Rupture

Donna Clovis


She longs for someone to save her. She holds the crucifix close to her heart. Prays salvation. A hope. She bows her head. Shades her face in darkness from the sun. Veil cover. She crouches on knees in a corner. Concrete buildings surround her in shatter. Sharp, crooked craters stir senses with delusions. Obliterates the boundaries. An apocalypse. For she is the only resurrected one. Once lost in the depth of darkness through the night. Spit out of hell.

Nothing is recognizable. Rubble. She is a woman waiting patience poor of fractured faith. She bears the cross in her hands. Begins a frenzied search for the foundation. The basis to believe. There is emptiness in nothing. But she believes the emptiness as sacred space. A silence between musical notes. She rests a religion.

She does not lift her eyes. She cannot. Her bowed head holds her down. Staring. Biting parched lip until it bleeds. She mumbles a verse from the Bible. Quiet chatter phrases. Then meditates. She rocks from side to side. Hums golden stanzas. A hymn. She cries. Then shouts obscenity. A rupture.

For the first time she hears a heavy voice like that of a man. But thunderous like God. She raises her eyes heavenward Hope wanders. Wonders perfect the blue sky above her crushed soul on Earth. She looks to the clouds to capture an angel. A savior. Someone to deliver her into red, ravenous rapture away from rubble.

But there are no chariots. There are no angels or a configuration of saint. No white horses. No rescue.

She hears the voice again. It is a siren song. Louder. She does not understand the garble of words. The speaking of tongues. She looks around from side to side. Still on bended knee, she does not move in metamorphosed landscape. The broken bricks of stale, stone stench. She sighs.

She hears the voice a third time. A trinity of thought. Her head swerves swift. The voice is closer. Towers over in a brash boom. A palette print of sonorous sound. Chorus-like praises. God has come for her. She looks up for a transformation into spirit.

A wrinkled outstretched hand casts large shadow above her crouched body. Her eyes barely attempt to look into his eyes. Rock of ages. She shouts to the Ancient of Days. And he reaches for her hand. She extends it into the air. Open wide. Searches the wind. Tenderly touches his fingertips. Then grasps his whole hand.

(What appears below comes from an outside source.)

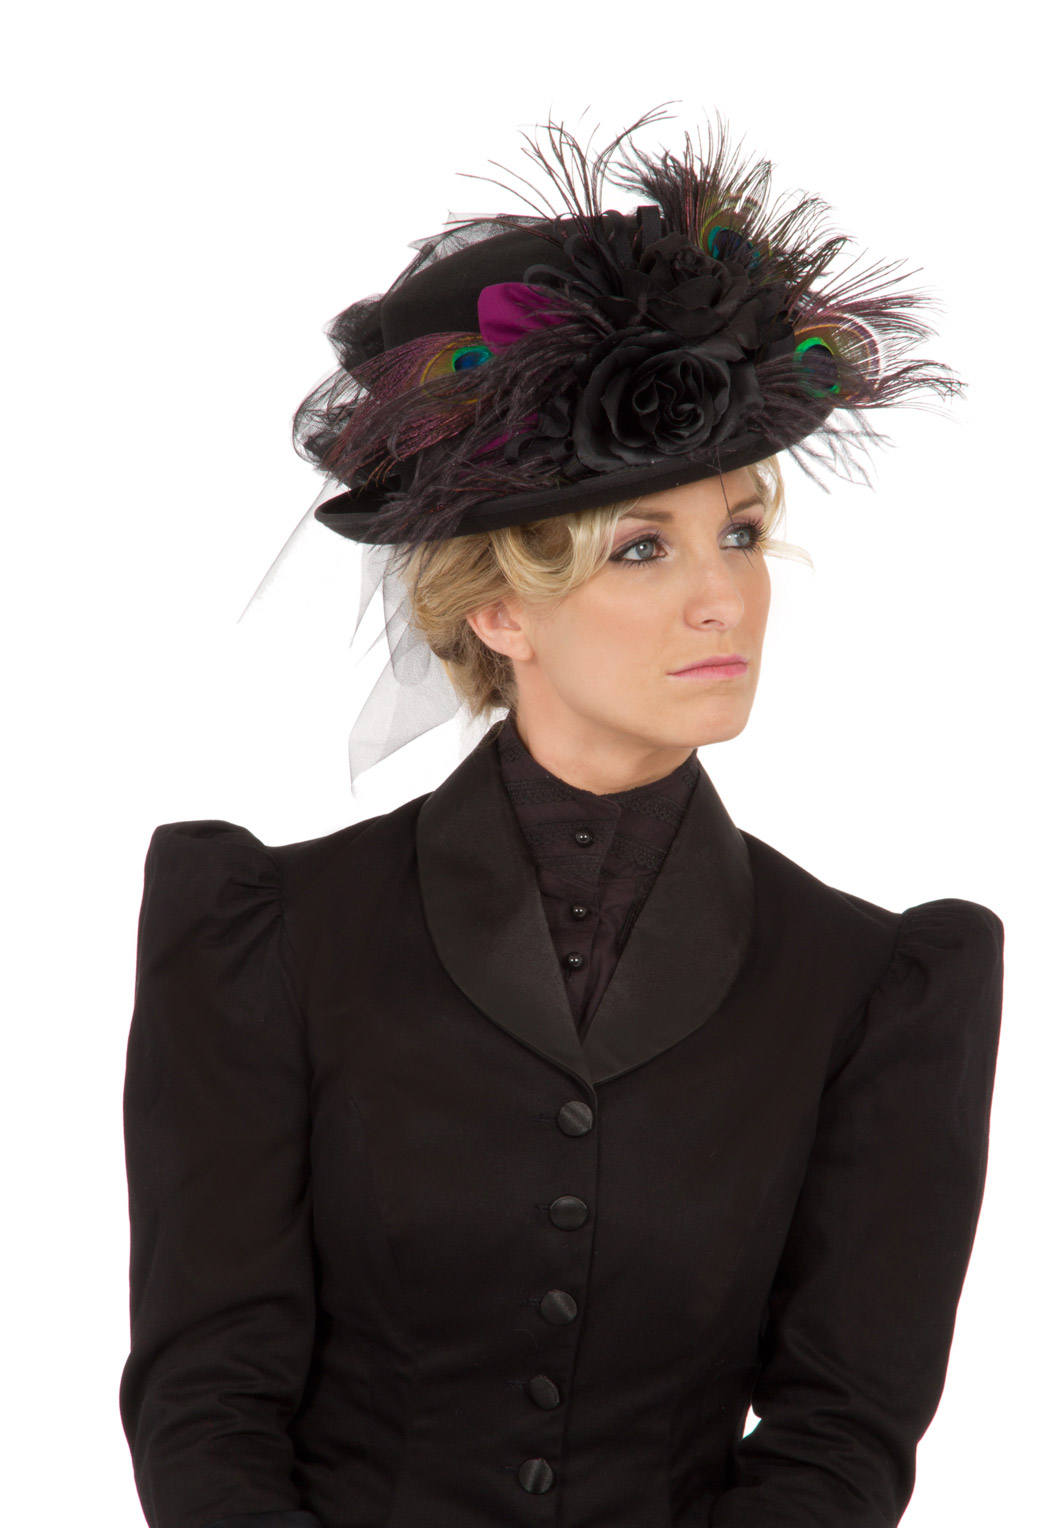 Edwardian Hat Black and Brown Hat Church Hat Victorian Hat Halloween Tea Party Hat 1800s Style Hat Civil War Hat Downton Abbey Hat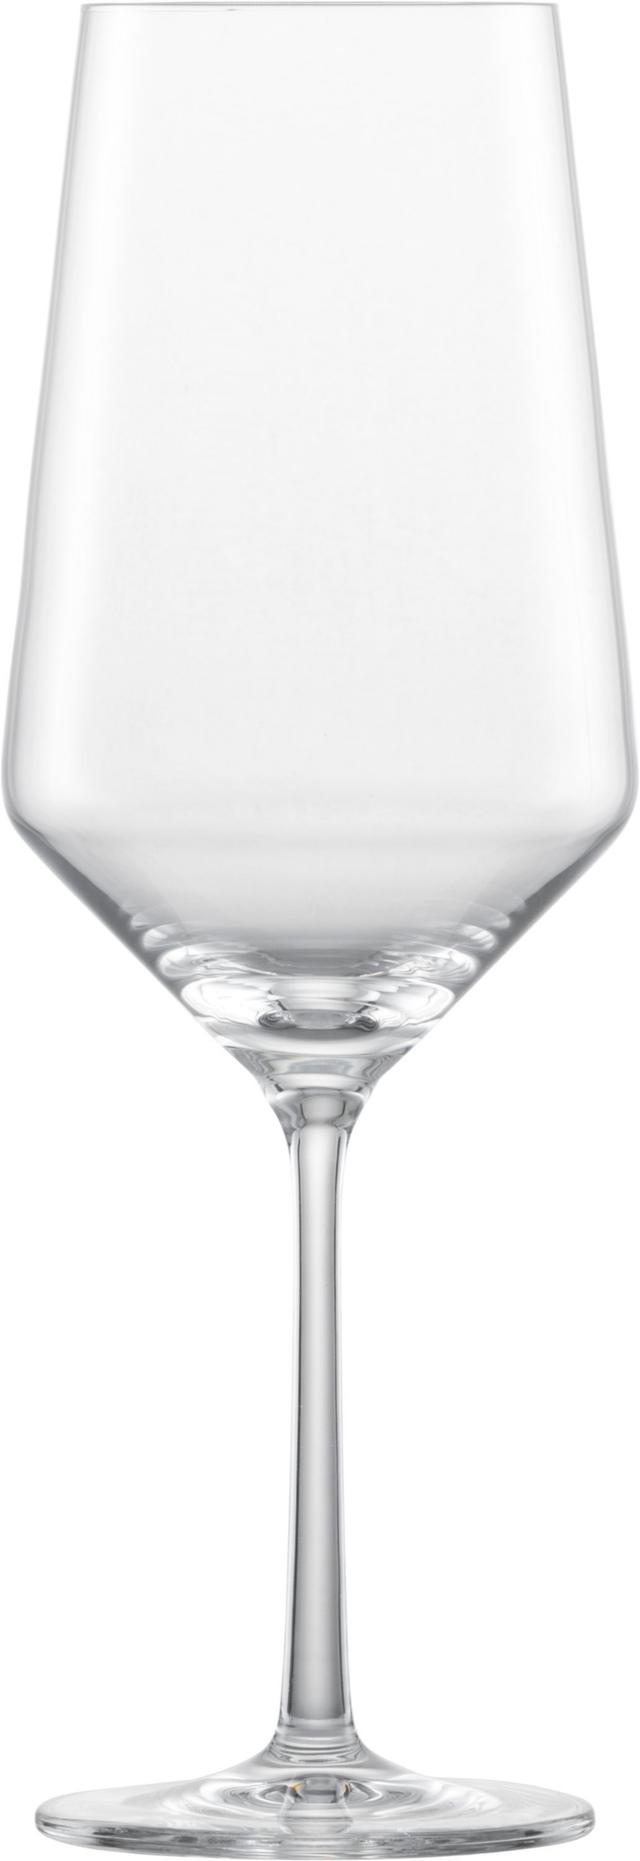 zwiesel glas pure bordeaux goblet 130 - 0.68 ltr - geschenkverpakking 2 glazen

She does not understand his words or the colors of the uniform brown and gray. They are foreign phrases. But soft and kind. He lifts her from the desolate space. Hotel room in an unfamiliar country, where land mass of earthquake collided the night before. It leaves her with nothing. Belongings bashed buried to the ground.

But she is rescued. Saved. He carries her to the ambulance waiting. A resurrection living. The ascension back to life.